Note that the query does not know the existence of offline or realtime tables. It only specifies the table name
in the query.
Ingesting Offline data
^^^^^^^^^^^^^^^^^^^^^^
Segments for offline tables are constructed outside of Pinot, typically in Hadoop via map-reduce jobs
and ingested into Pinot via REST API provided by the Controller.
Pinot provides libraries to create Pinot segments out of input files in AVRO, JSON or CSV formats in a hadoop job, and push
the constructed segments to the controlers via REST APIs.
When an Offline segment is ingested, the controller looks up the table's configuration and assigns the segment
to the servers that host the table. It may assign multiple servers for each servers depending on the number of replicas
configured for that table.
Pinot supports different segment assignment strategies that are optimized for various use cases.
Once segments are assigned, Pinot servers get notified via Helix to "host" the segment. The servers download the segments
(as a cached local copy to serve queries) and load them into local memory. All segment data is maintained in memory as long
as the server hosts that segment.
Once the server has loaded the segment, Helix notifies brokers of the availability of these segments. The brokers
start include the new
segments for queries. Brokers support different routing strategies depending on the type of table, the segment assignment
strategy and the use case.
Data in offline segments are immmutable (Rows cannot be added, deleted, or modified). However, segments may be replaced modified data.
Ingesting Realtime Data
^^^^^^^^^^^^^^^^^^^^^^^
Segments for realtime tables are constructed by Pinot servers. The servers ingest rows from realtime streams (such as
Kafka) until
some completion threshold (such as number of rows, or a time threshold) and build a segment out of those rows. Depending
on the type of ingestion mechanism used (stream or partition level), segments may be locally stored in the servers
or in the controller's segment store.
Multiple servers may ingest the same data to increase availability and share query load.

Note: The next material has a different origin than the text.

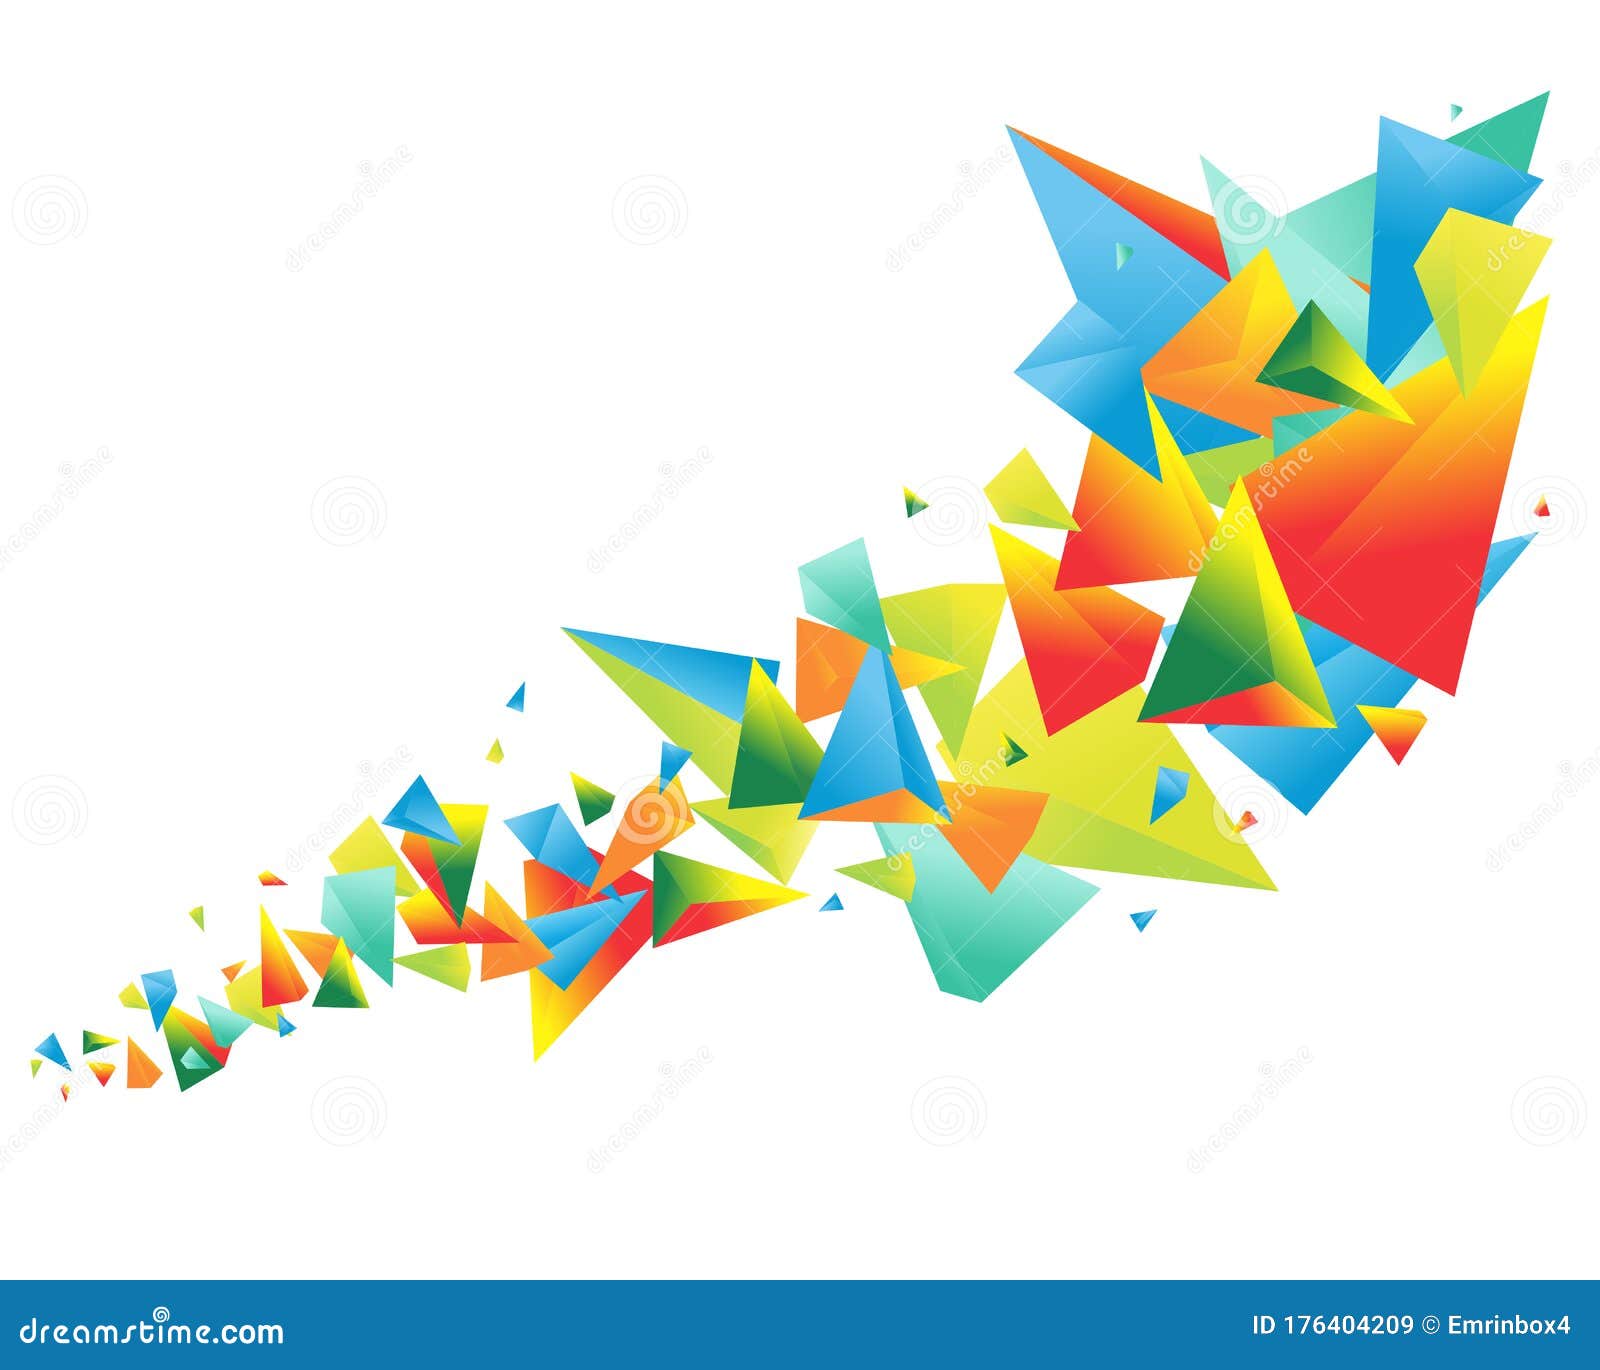 Abstract Spread Prism Background Wallpaper Stock Illustration Illustration Of Video Powerpoint 176404209

Once a realtime segment is built and loaded the servers continue
to consume from where they left off.
Realtime segments are immutable once they are completed. While realtime segments are being consumed they are mutable,
in the sense that new rows can be added to them. Rows cannot be deleted from segments.

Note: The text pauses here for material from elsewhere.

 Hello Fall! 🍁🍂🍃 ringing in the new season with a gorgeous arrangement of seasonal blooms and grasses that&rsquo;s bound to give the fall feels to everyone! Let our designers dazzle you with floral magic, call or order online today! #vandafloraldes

See `Consuming and Indexing rows in Realtime <https://cwiki.apache.org/confluence/display/PINOT/Consuming+and+Indexing+rows+in+Realtime>`_ for details.
Pinot Segments
--------------
A segment is laid out in a columnar format
so that it can be directly mapped into memory for serving queries. Columns may be single or multi-valued. Column types may be
STRING, INT, LONG, FLOAT, DOUBLE or BYTES. Columns may be declared to be metric or dimension (or specifically as a time dimension)
in the schema.
Pinot uses dictionary encoding to store values as a dictionary ID. Columns may be configured to be "no-dictionary" column in which
case raw values are stored. Dictionary IDs are encoded using minimum number of bits for efficient storage (_e.g._ a column with cardinality
of 3 will use only 3 bits for each dictionary ID).
There is a forward index for each column compressed appropriately for efficient memory use. In addition, optional inverted indices can be
configured for any set of columns. Inverted indices, while taking up more storage, offer better query performance.
Specialized indexes like StartTree index is also supported.